12.09 | 8 August | | 0 comment

The road safety charity Brake has expressed concern about the extent to which people use their mobile phone and the ‘devastating impact’ this could have on road safety.

A new Ofcom study into mobile use, published on 2 August, found that the average Brit checks their phone every 12 minutes and spends nearly three and a half hours a day looking at a mobile device.

Brake says the findings are ‘unsurprising’, but stresses that a split-second distraction caused by a call, text or notification while driving can be fatal.
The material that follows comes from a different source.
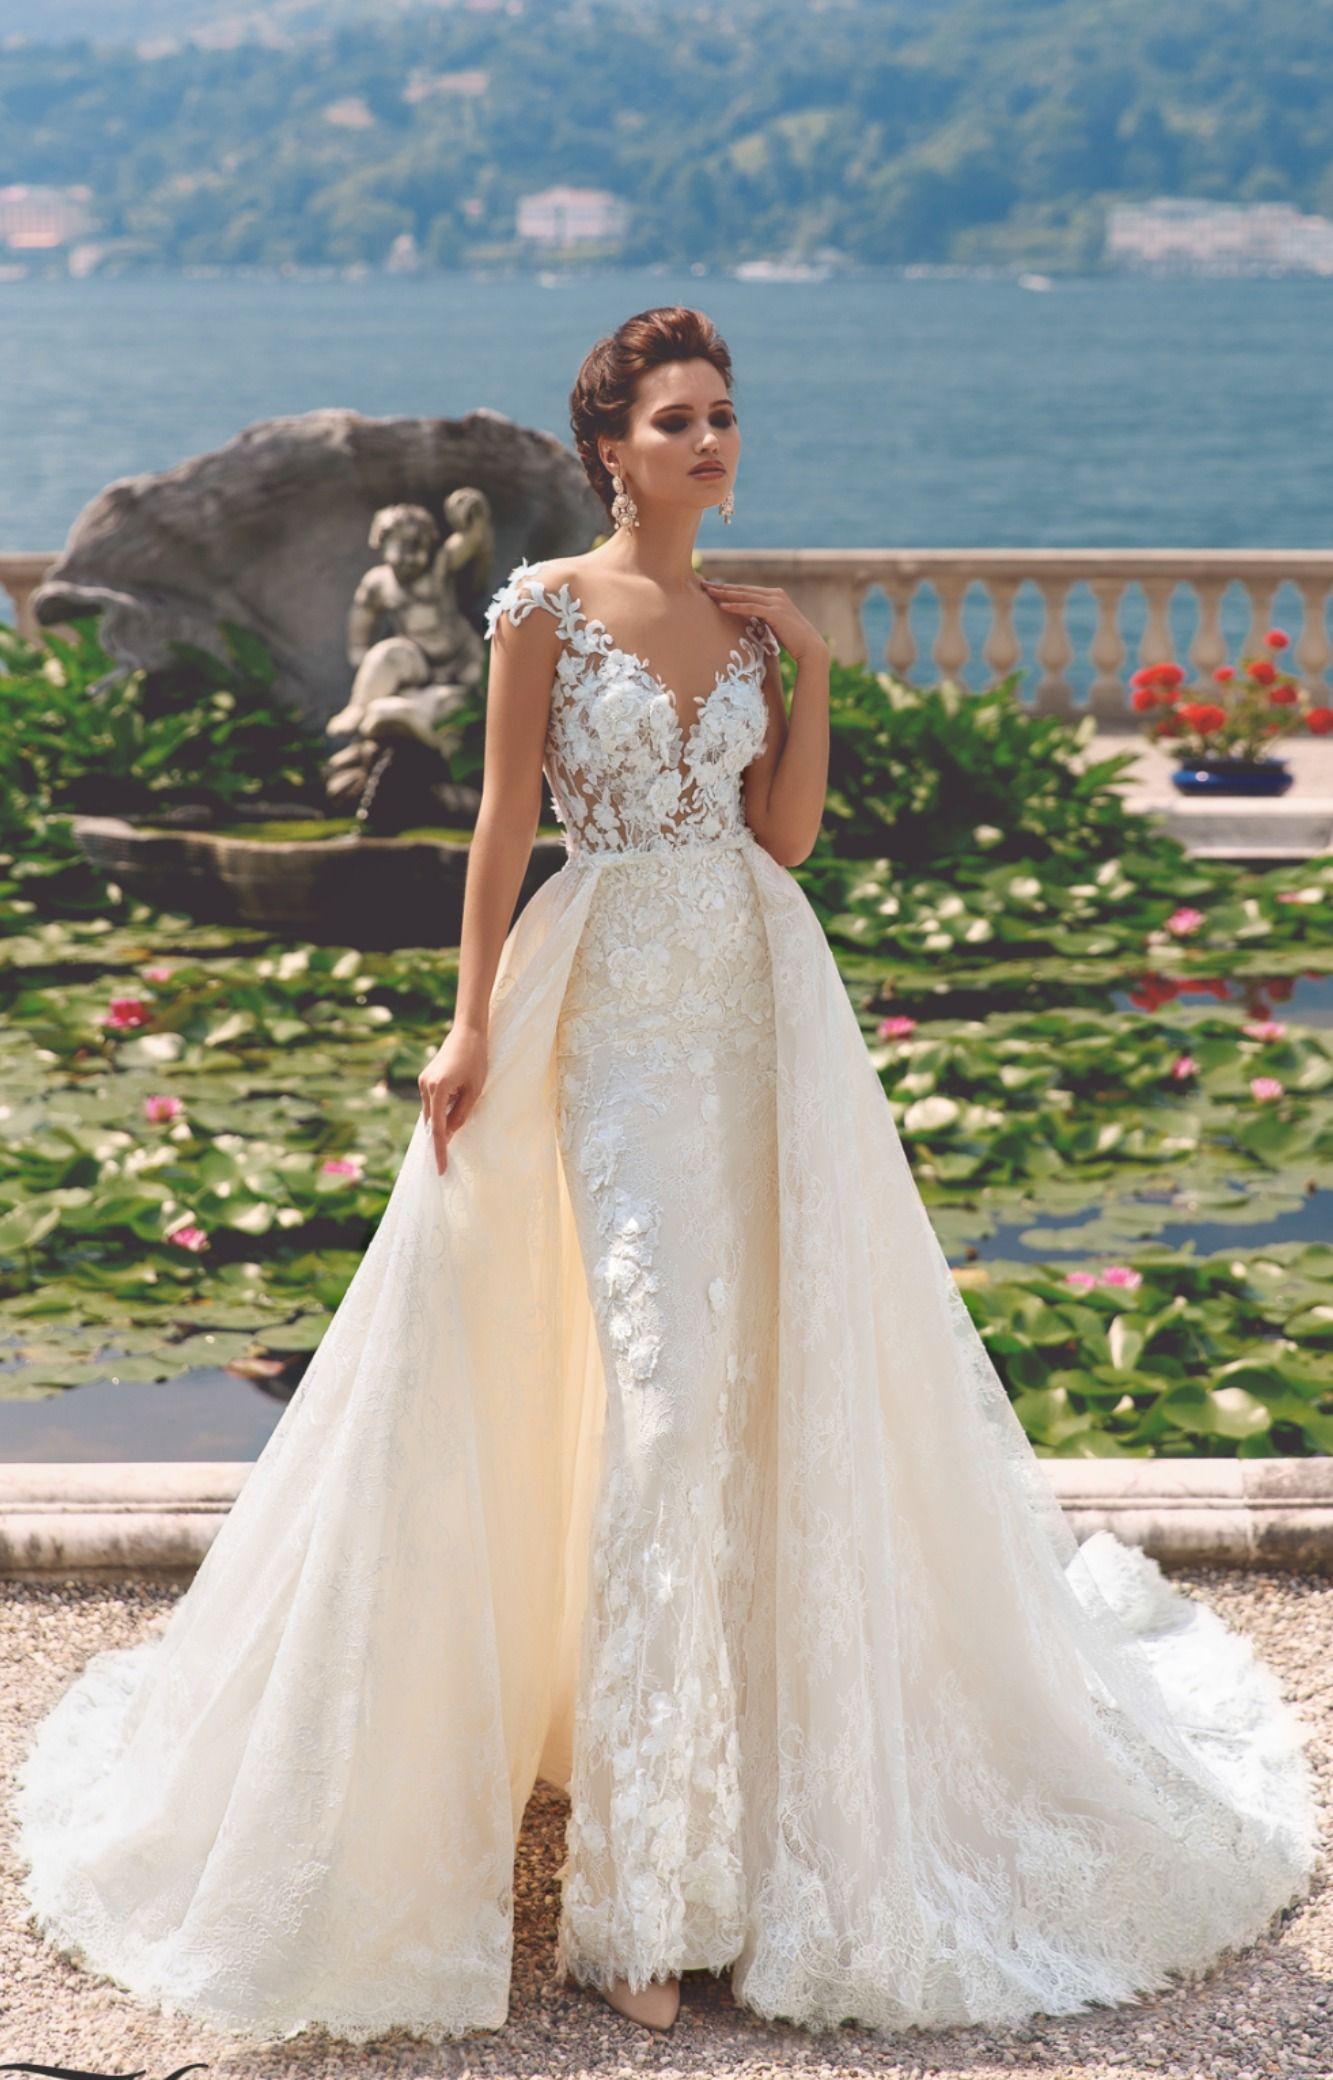 Karen Wedding Dress Queen Of The Hearts Collection Cheap Wedding Dress Detachable Train Wedding Dress White Lace Wedding Dress [ 2080 x 1333 Pixel ]

Figures show that in 2016, 32 people were killed and 105 seriously injured in crashes involving a driver being distracted by their mobile phone, and Brake says the problem is ‘getting worse year-on-year’.

Joshua Harris, Brake’s director of campaigns, said: “Illegal mobile phone use behind the wheel is all too common and action needs to be taken to rid our roads of this dangerous menace.

“We are calling on the Government to invest in greater awareness, more enforcement and tougher punishment of people who illegally use their phone at the wheel to provide an effective deterrent to this blight on our roads.

“Drivers need to understand that no call, text or social media update is worth risking a life.”

The RAC is also concerned about the dangers posed by drivers using a smartphone, and last year launched the ‘Be Phone smart’ campaign to ‘end handheld phone use at the wheel’.